これらのやり取りに、日本薬剤師会常務理事の安部好弘氏は、次のように発言した。「調剤権の拡大ではなく、薬剤師が調剤する上で、どんな義務を負っているのかを考えていくことが必要。医師の負担軽減が重要視される中で、医師と薬剤師がお互いの理解と連携の中で、それぞれが機能を発揮する、役割を果たすことが求められている」。

 中川氏と幸野氏、リフィル処方でも意見対立

反対に、幸野氏は、「門前薬局が本当に医薬分業の正しい姿なのか」と中川氏に問いかけた。「立地優先のビジネスモデルに変わってしまった」と幸野氏は述べ、セルフメディケーションなどを支え、医療機関に受診する前に患者が利用できるような薬局が在るべき姿であるとした。

中川氏は、セルフメディケーションについては、「話が違う議論」と切り捨て、「本来薬剤師がやるべき業務、役割を果たすことが第一」と安部氏の発言を支持。医薬分業については、「大賛成ではなく、むしろ患者にとってデメリットも多い。しかし、国の政策として進めてきた以上、できるだけ支障のないように改善していきたい」と回答した。

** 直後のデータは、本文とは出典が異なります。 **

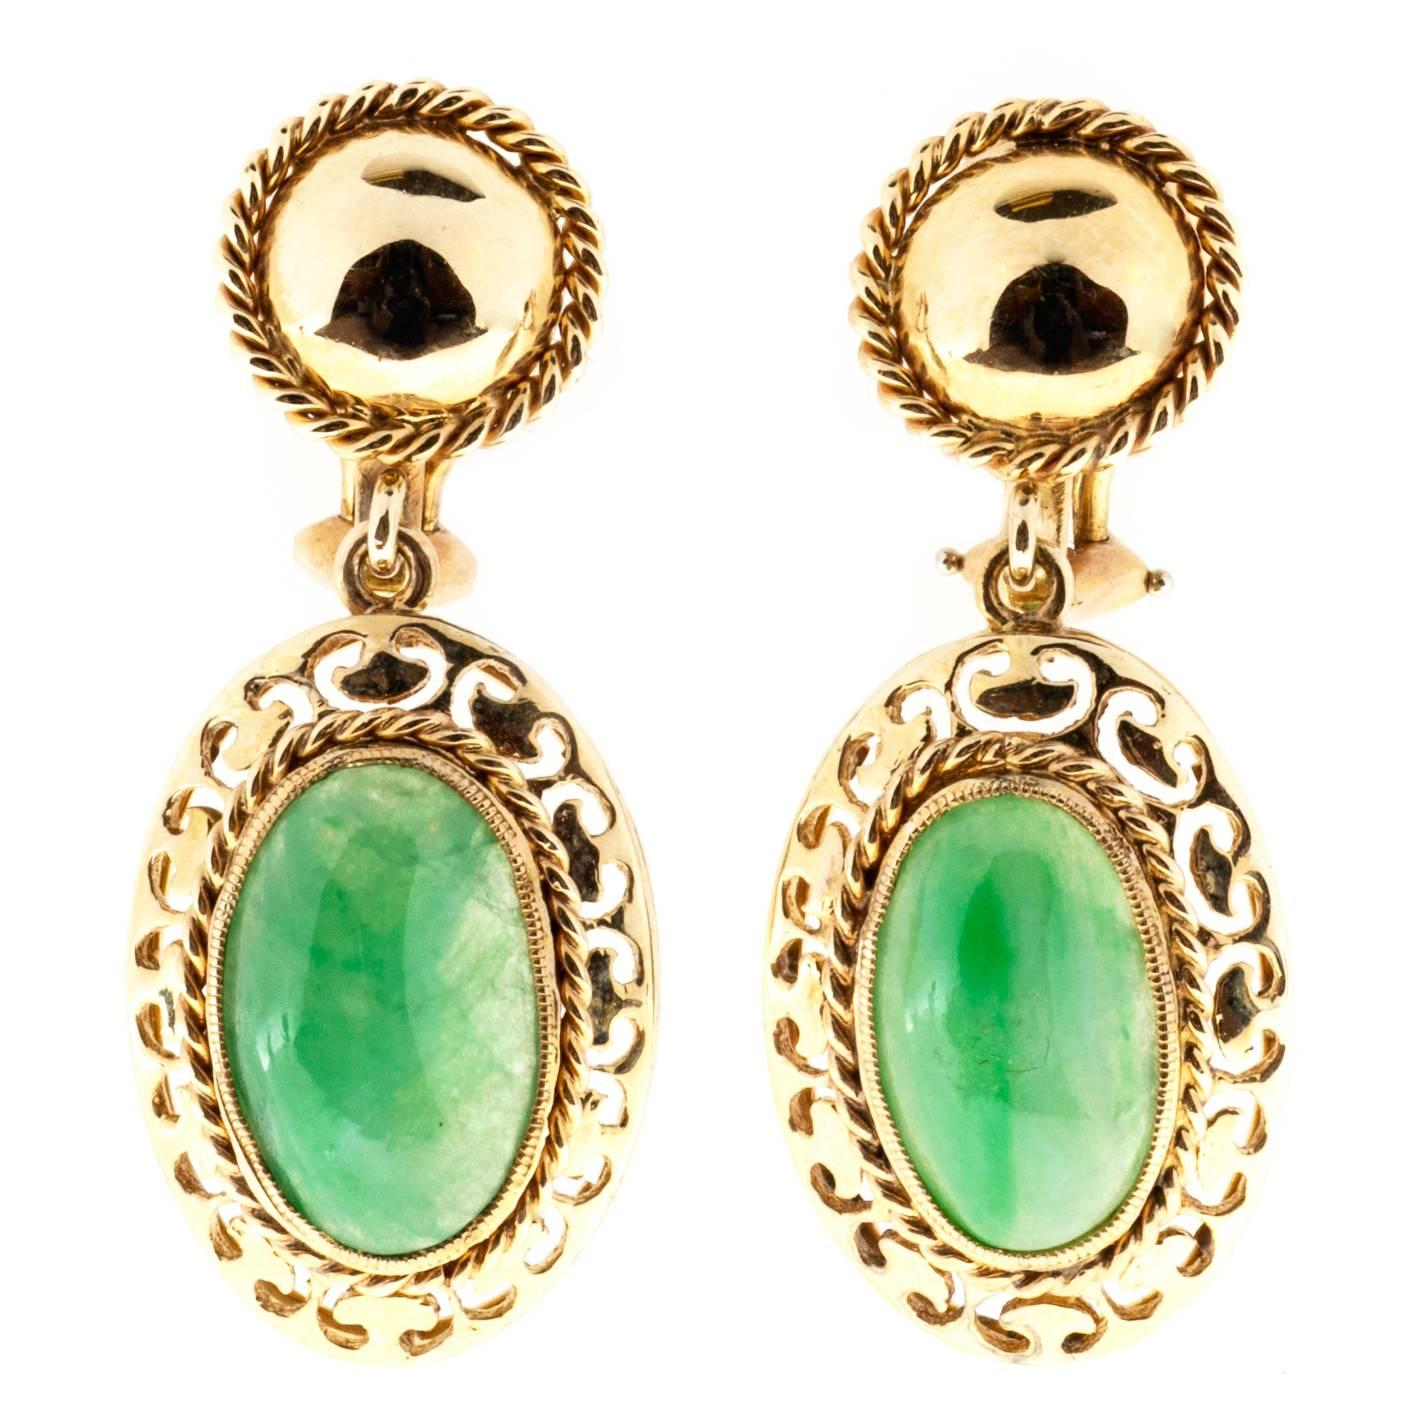 1940's Jadeite jade 14k yellow gold dangle earrings. Clip and post style. The bottom dangle holds

話を幸野氏の講演に戻し、「リフィル処方が導入されれば、再診料や処方料が不要になるから、医療費が削減される、とまで言っている。これも看過できない。医科の技術料が調剤料に移行するだけで、医療費は削減されない。慎重な発言をお願いしたい」と中川氏は問題視した。

幸野氏はこれに対し、次のように回答した。「リフィル処方は絶対に悪くない制度だと思う。病状が安定し、薬剤師の範疇で管理できる患者については、リフィル処方で管理するのが在るべき姿。なぜ毎月、医療機関を受診して、再診料や処方せん料を払わなければいけないのか。保険者から見れば、疑問。病状が安定している患者については、そうした仕組みを入れて医療費に適正化につなげるのは当たり前の考え方」。